The contribution of this paper is as follows. (1) In view of the current network fault diagnosis problem of hard, at first, this paper puts forward a kind of based on improved the generation of a semisupervised against network fault diagnosis algorithms, the proposed algorithm effectively guarantees the convergence of generated against network model and makes full use of a large amount of trouble-free tag data, and obtains a good accuracy of fault diagnosis. And then we use a diagnosis model for the further optimization. (2) The generate against network based combined with convolution neural network fault diagnosis algorithm achieves good accuracy of fault diagnosis and saves the overhead of manually marking a large number of data samples.

#### 2. Fault Diagnosis Algorithm Based on Improved Generation Countermeasure Network

##### 2.1. System Model

Aiming at the dense heterogeneous wireless network scenario with multilevel network structure composed of high-power Hong Jizhan and low-power micro base stations [11, 12], as shown in Figure 1, this paper proposes a network fault diagnosis model based on GAN to locate faults, so as to avoid losses caused by fault propagation.

In the selection of key performance parameters used to characterize the network condition, this paper adopts the feature selection algorithm combining Reliance and mutual information, and finally selects eight key performance indexes, RSRQ_P, DCR, HO, RSRP_P, ERAB_S, SNR_UL, SNR_DL and LER, as the input parameters of the fault diagnosis model.

##### 2.2. Network Fault Diagnosis Model Based on Improved Semisupervised Generation Countermeasure

Although the original GAN does not need classification labels in the training process, it generates false data similar to the real data, and its discriminator realizes the identification of true and false data, but it cannot classify the real data [13, 14]. Some scholars skillfully modify the discriminator of GAN and replace the output layer of discriminator network with Softmax classifier, so that it can classify real data.

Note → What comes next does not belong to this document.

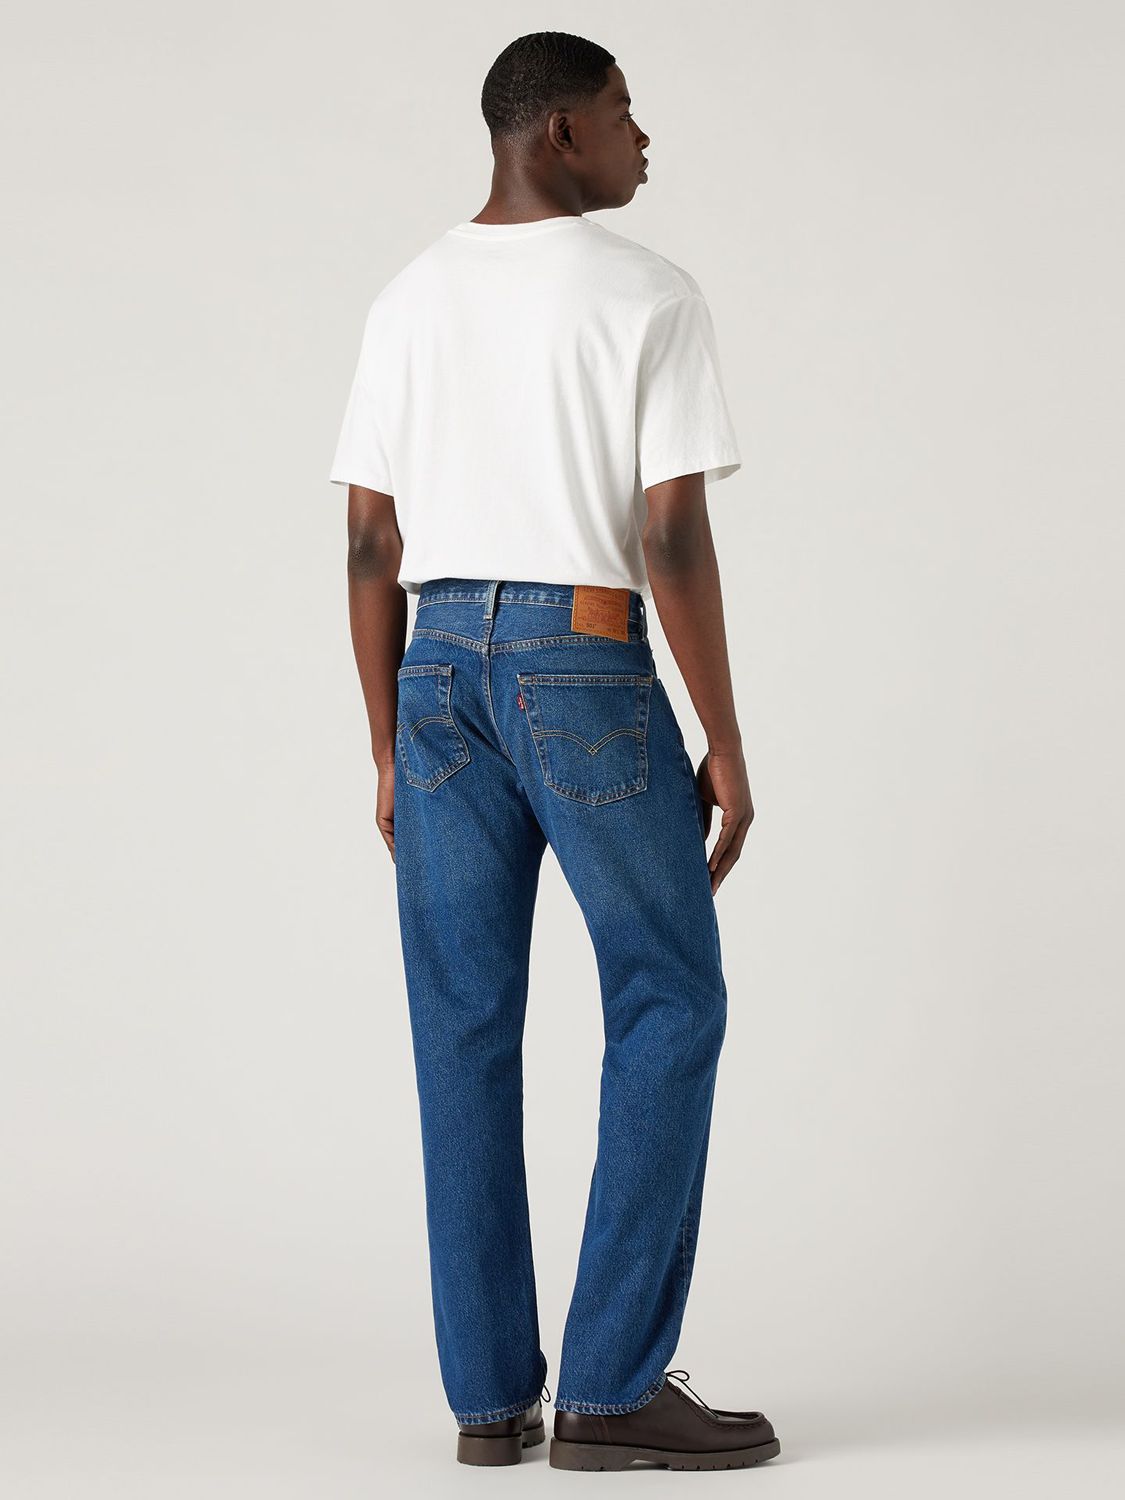 Levi's 501 Original Straight Jeans, Indigo Wash, 30S

Assuming that the training data has *K* classes, the Softmax classifier has *K* + 1 classes, where the *K* + 1 class represents the false data generated by the generator, and the rest correspond to *K* classes in the training data, so that GAN can complete the semisupervised classification problem, and its network structure is shown in Figure 2.

The training network *D* maximizes the probability of sorting the labels of the training samples (maximizing ), and the training network *G* minimizes ; that is, it maximizes the loss of *D*. In the training process, one party is fixed and the parameters of the other network are updated and iterated alternately to maximize the other party’s error. Finally, G can estimate the distribution of sample data. Due to the change of discriminator structure, the loss function of semisupervised generation countermeasure network (SGAN) also changes accordingly. The loss function of generator G is shown in formula (1), where is the data generated by the generator, is the probability distribution function of , and represents the probability that the generated data is judged as *K* + 1 class by discriminator *D*.

The loss function of discriminator *D* can be divided into supervised loss and unsupervised loss, as shown inwhere *X* is the real data, *Y* is the category label of *X*, *P* (*X*, *Y*) is the probability distribution obeyed by (*X*, *Y*), *X* is the data generated by the generator, and *p*() is the probability distribution obeyed by it. The loss function of the supervised part refers to the distance loss between the predicted result and the label when training the labeled part of data (*x*, *y*), as shown in formula (3). The loss function of the unsupervised part refers to the loss when training the unlabeled part of data *x* and the generated data *x*, that is, the loss function of the original GAN discriminator, as shown in formula (4).

Although SGAN can improve the performance of supervision tasks by learning additional unlabeled samples, the goal of gradient descent algorithm in SGAN is to find the minimum loss function point, instead of finding a Nash equilibrium that makes both the generator and the discriminator achieve the best performance. Especially when there are many input feature parameters, the difficulty of convergence of the model will greatly increase. Therefore, in this paper, two constraint functions, feature matching and compactness calculation, are added to the loss function of the generator network to stabilize the convergence of SGAN model and improve the final performance of the model. The model structure is shown in Figure 3.

Among them, the calculation formula of convolution operation is as follows:

In this paper, a 3 × 3 convolution kernel is adopted, and in order to prevent the omission of data information, the convolution step is set to 1; that is, the distance of each convolution kernel movement is a coordinate unit, so the output meets the following requirements:

When SGAN trains generator *G*, originally, it only depends on reducing the distance loss between the output result of discriminator *D* and the real result. That is to say, the only goal is to increase the probability that the discriminator *D* regards false data as true data, so it is easy to cause the generator *G* to be overtrained on the current discriminator *D*, which leads to the great influence on the generator *G* when the parameters of the discriminator *D* change, so that the convergence fluctuation of the model is large, and it is difficult to reach the Nash equilibrium point of *D* and *G*. Therefore, in this paper, an objective function *D*(*x*, ) of the distance between the generated data and the real data is added to the loss function of the generator *G*, that is, the feature matching between the generated data and the real data, so as to make the generated data consistent with the real data as much as possible and avoid overtraining on the current discriminator. The main idea is that when the false data generated by the generator is input to the discriminant network and when the calculation result of each hidden layer in the discriminator is as similar as possible as the real data *x* is input into the discriminant network, then the L2 distance is calculated for each hidden layer result, and the distance of all layers is summed and averaged to obtain the objective function . The formula is as follows: where is the output of the *i*-th hidden layer of the discriminator, *l* is the number of hidden layers, *x* is the real data, and *x* is the generated data.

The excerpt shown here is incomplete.